MP3 pour qui sonne le glas
Modifié le Monday, 05-Jan-2009 17:19:22 CET
- Ajourd'hui 16 janvier 2001, il vient d'être
annoncé que les CDs allait être taxés
pour parer à tous les actes de piratage qui nuisent
aux artistes.
- Encore aujourd'hui, il est annoncé que tous les
consommateurs ne sont pas égaux pour lire des DVDs,
pour les personnes disposant uniquement de linux, il est
impossible de lire ces DVDs dans des conditions correctes
sous linux, sans utiliser un algorithme dit pirate
(DeCSS).
- La comission européenne se demande si il ne
faudrait pas autoriser le brevetage de logiciel.
Les deux derniers points, sont une digression, C'est juste que
ça m'enquiquine.
Donc, il paraît, que si les auteurs sont appauvris par
les copies de musique soit du fait des MP3s soit par voie de
gravage de CD. Est ce si évident d'une part, et d'autre
part n'y a t'il pas des effets pervers dans le projet de
taxation des CDs?
Premier point, le piratage de MP3 est réservé
à une couche de population favorisée : il faut
avoir accès à une ligne à haut
débit pour que ce soit rentable sur le plan financier.

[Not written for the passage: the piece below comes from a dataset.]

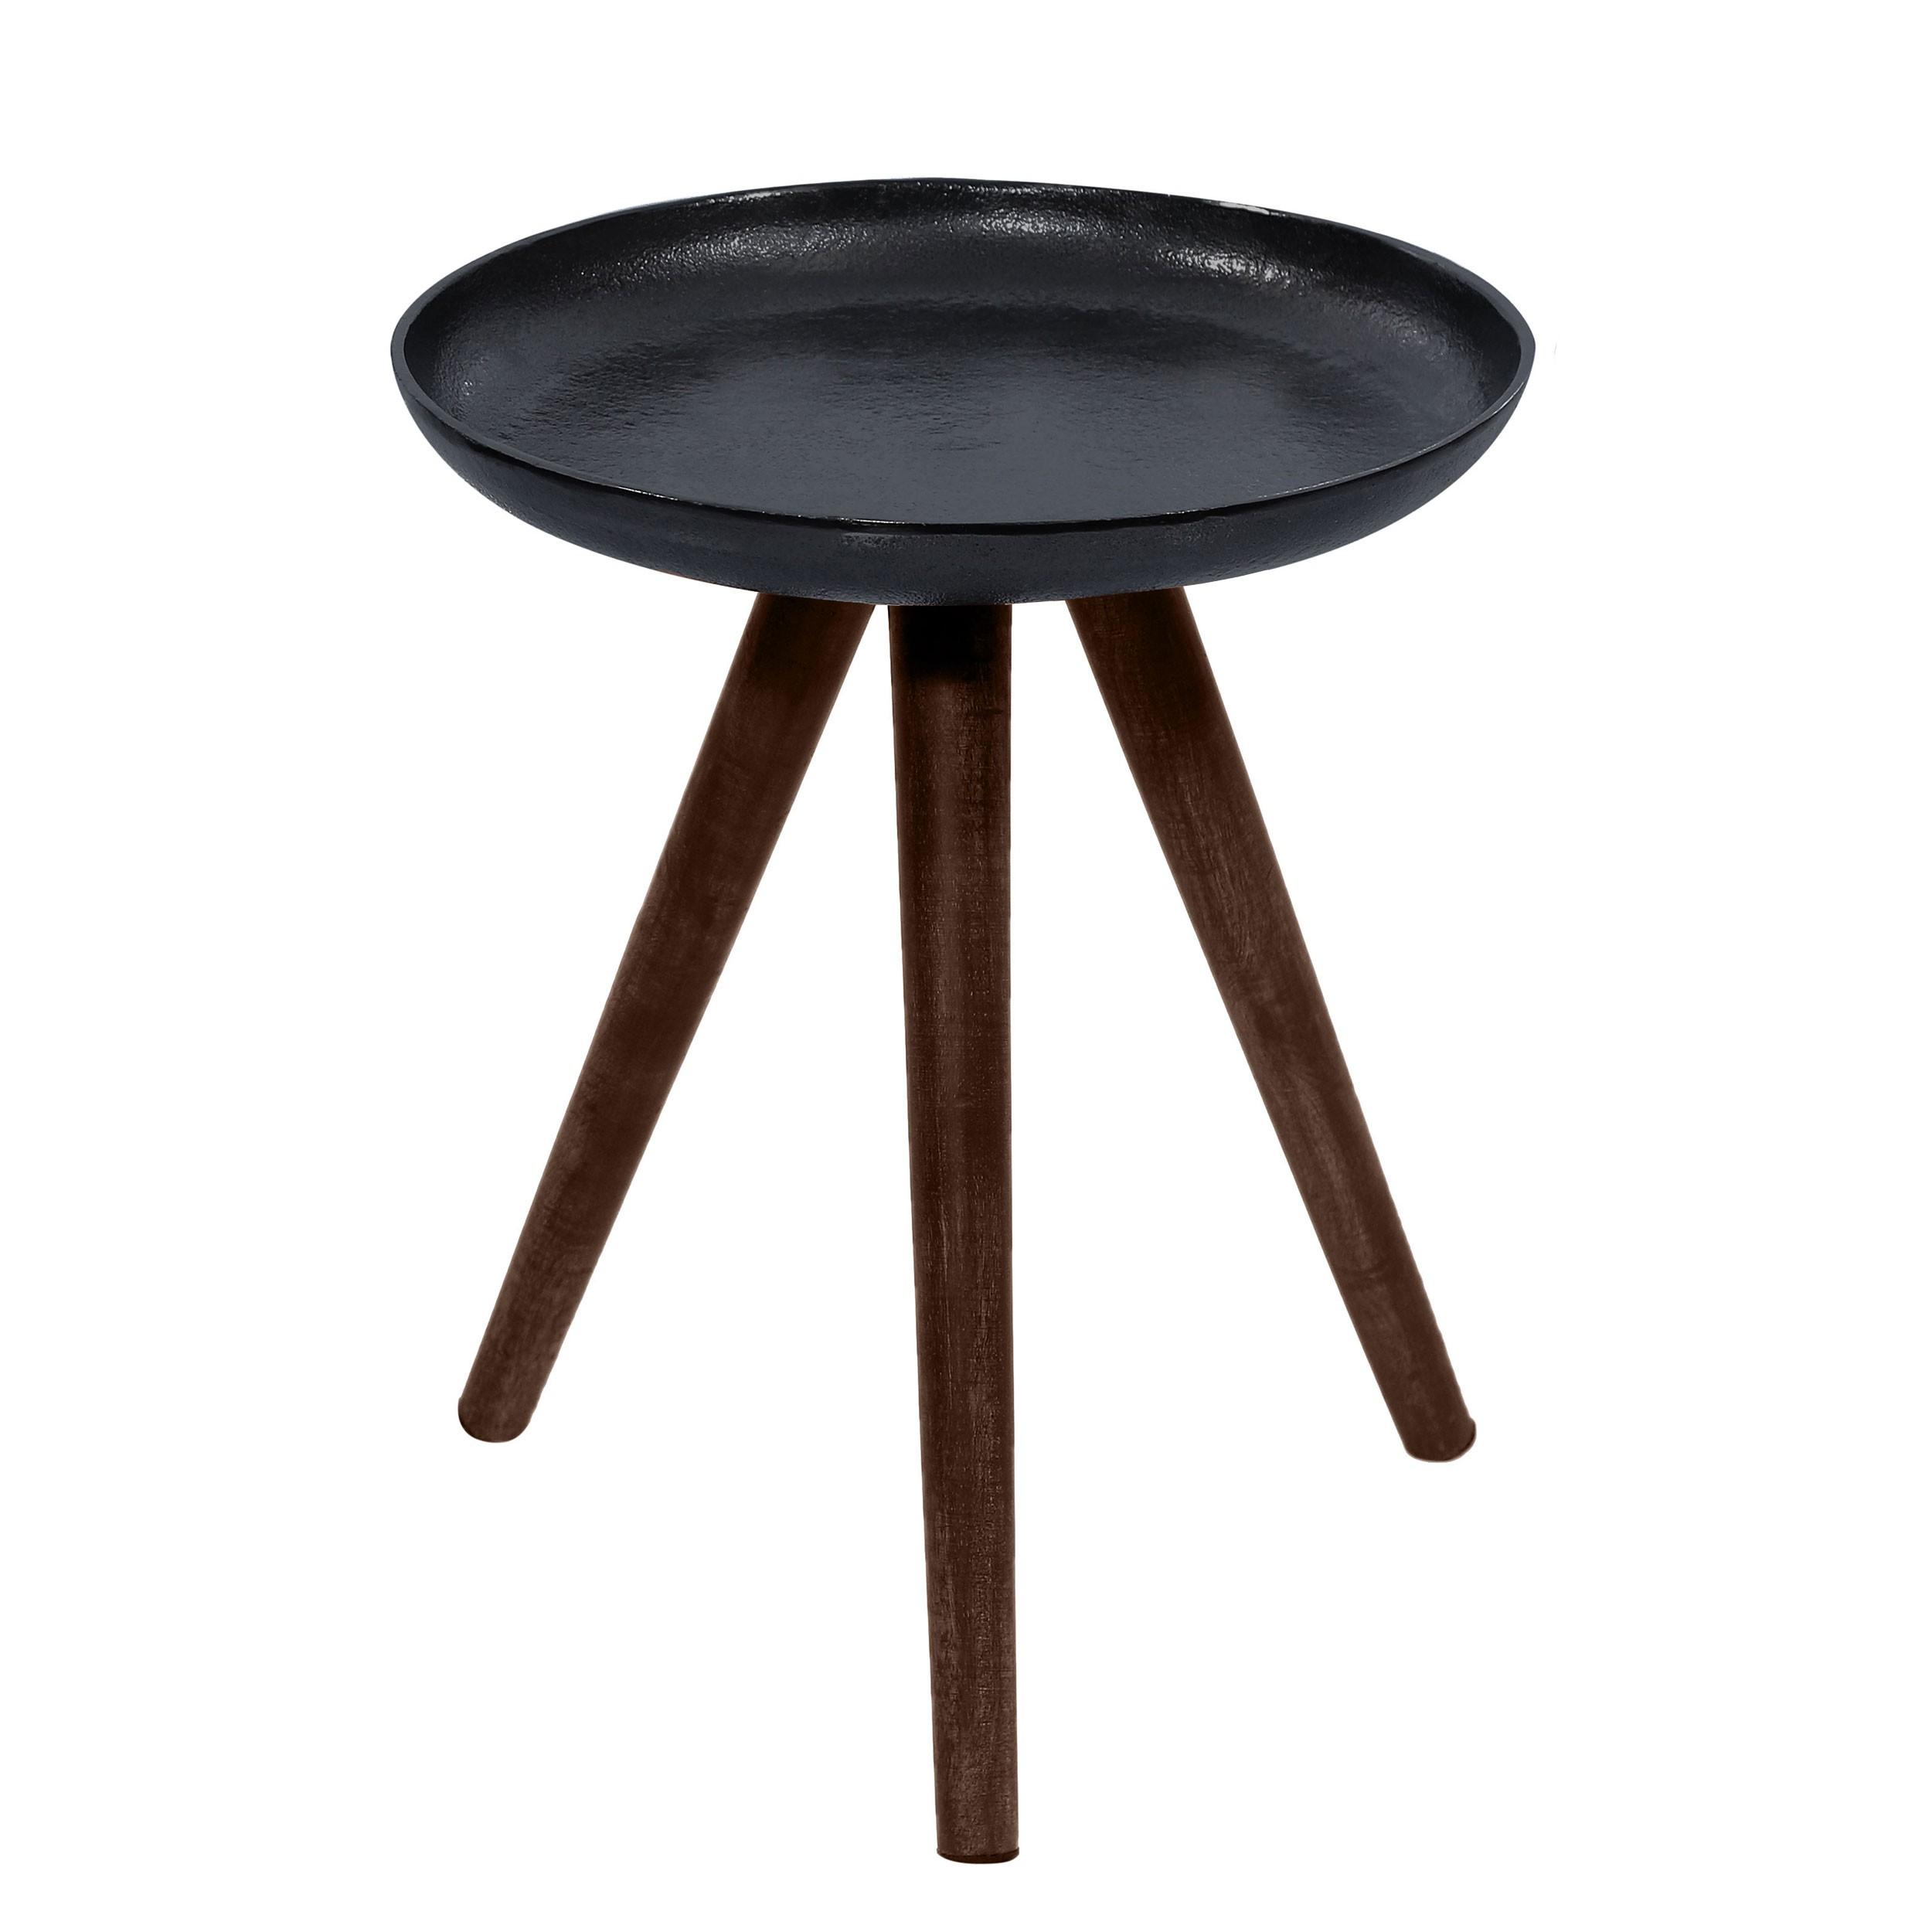 Table basse ronde toluk noire achetez les tables basses for Acheter table ronde

Or, nous remarquerons que les accès haut débit en
France, ont surtout commencé dans les entreprises (pour
équiper les cadres principalement), et que les premiers
lieux d'implantation en France du cable, de l'ADSL ont
été les beaux quartiers à Paris (voici
donc tout désigné la cible marketing de ces
produits). Nous traiterons donc, de la copie de CD. La chose la
plus frappante est que le pirate passe du temps pour faire ces
gravages. Il achète un CD aux environs de 10 Francs (et
même plus pour ceux qui passent du temps à trouver
des magasins où l'acheter moins cher). Il passe en
moyenne 1/2 heure à préparer sont CD. Pour avoir
d'autres CDs, il va probablement lui falloir se
déplacer, perdre du temps là encore ...
échanger ... etc. Bref, le copiteur perd finalement
beaucoup de temps et d'expertise à faire cet acte. En
entreprise, vous pourriez considérer que cela
représente un travail d'ingénieur ou technicien
facturé à au moins 60F de l'heure. En
considérant que le copiteur est organisé il va
passer dans le gravage de CD et les salamaleks
nécessaires au moins 1 heure. Soit, un coup final de 70F
pour un CD dont l'espérance de vie est 5 fois
inférieure à un CD normal. Bref, le CD en terme
de temps passé peut se voir affecter une valeur
arbitraire de 80F. Hors coût d'amortissement, des
appareils informatiques et autres. Certains ont conscience de
ce prix, mais vous me direz pourquoi continuent-ils?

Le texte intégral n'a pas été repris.